2025年には、65歳以上の人口が国民全体の30%になることが見込まれており、後期高齢者の増加が、今後の日本の福祉、医療における最大の課題になっています。国から「在宅医療」が推進されるなか、高齢者本人とその家族が安心して「最期」を迎えるためには、どうすればよいのでしょうか。今回は、家族で「終活」に取り組むべき理由を解説します。

迷ったときは、医療関係者や友人へ相談を

家族だけで今後の話をするのが難しいときは、かかりつけ医がいる人や介護保険サービスを受けている人ならば医師や看護師、病院のソーシャルワーカー、ケアマネジャー、介護スタッフといった医療・介護関係者に相談をしてください。

 

終末期医療の詳しい内容などは、一般のご家族だけで話をするのは難しいことも多いと思いますので、話しやすいスタッフをつかまえて「教えてほしい」「相談したい」と伝えていただければと思います。

 

親きょうだいがすでに亡くなっているとか、事情があって家族と長らく疎遠にしているなど、大事な話ができる家族がいない人は、親しい友人や地域の民生委員などに自分の希望を伝えておけばいいのです。

 

新しい「人生の最終段階における医療・ケアの決定プロセスに関するガイドライン」でも、ACP(人生会議)を話し合う人は法的な家族・親族だけに限らず、より広い範囲の人を含むことが示されています。

 

なお、将来の希望について、自分一人でエンディングノートや記録を作ったという人は、必ずその事実と保管場所を周りの人に知らせておくようにしてください。

 

現在の日本では人生会議の記録を作ったとしても、それが法的に効力をもつわけではありません。これは著者が理事を務める日本尊厳死協会で作成している「リビング・ウイル」(回復の見込みがなくなったときの意向を示した宣言書)なども同様です。ですから、紙に希望を書いて残しておけばそれが必ず叶うという保証は残念ながらありません。

 

しかも、記録があることや本人の希望について家族や周りの人が知らなければ、いざというときの医療に反映されないことは確実です。

 

紙の記録があってもなくても、本人は伝えたい希望があればそれを周囲の人に伝え、家族や周りの人はそれに真摯に耳を傾ける。これを人生のステージや体調の変化などに合わせて何度も繰り返していくことが、ACP=人生会議の本質だと思います。

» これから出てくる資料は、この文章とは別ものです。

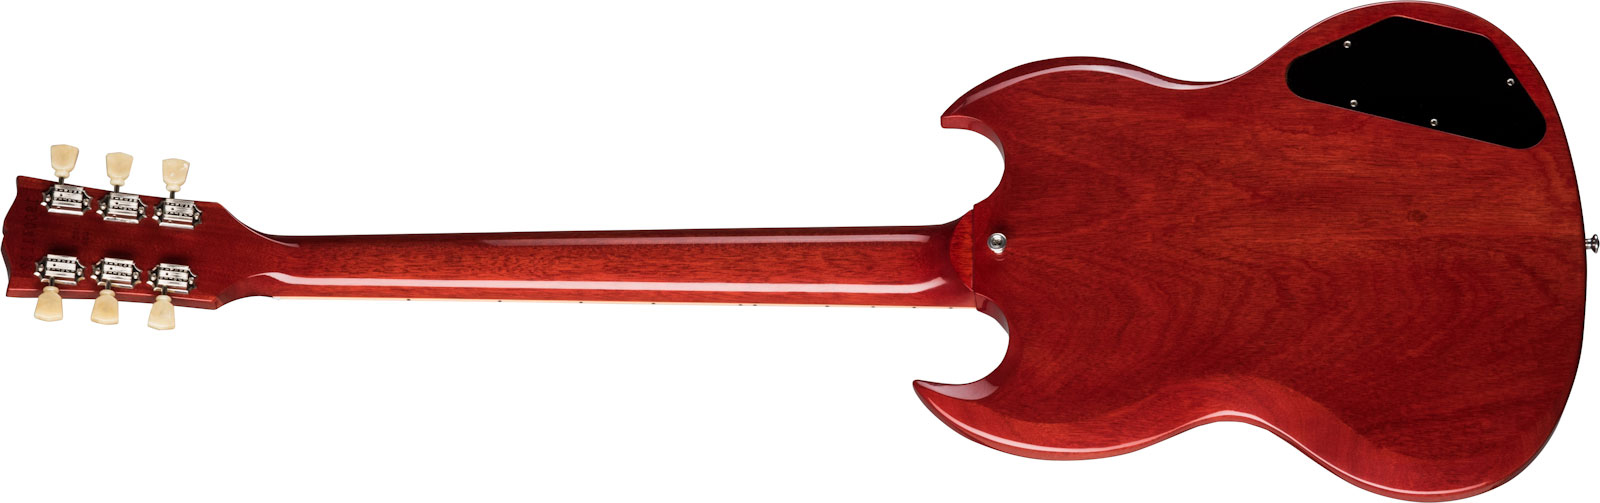 Gibson Sg Standard '61 Lh Gaucher 2h Ht Rw - Vintage Cherry - Guitarra electrica para zurdos - Variation 1

「ACPの記録」は一度作って終わりというものではない

ACPに法的な意味合いをもたせるか否かについては今も議論されていますが、著者はACPは私的な約束事でいいのではと考えています。ACPの記録は一度作って終わりというものではなく、時と場合によって刻々と変わる可能性のあるものだからです。これに法的な効力をもたせたり、記録作成を義務化したりするようなことになれば、それはそれでまた種々の問題が生じてきます。

 

ACPは、最期までできるだけ本人の希望を尊重するとともに、残された親族が後悔しないための話し合いです。厚生労働省のガイドラインにもあるように、あくまでも自発的なプロセスとして本人や家族が「そろそろ話しておきたいね」というときに、率直に話ができることが大切なのではないかと思います。

 

それぞれの家族が自分たちのスタイル、自分たちのタイミングで「縁起でもない話」を普通にできるようになれば、私たち日本人の人生の最終盤がもっと豊かなものになるでしょう。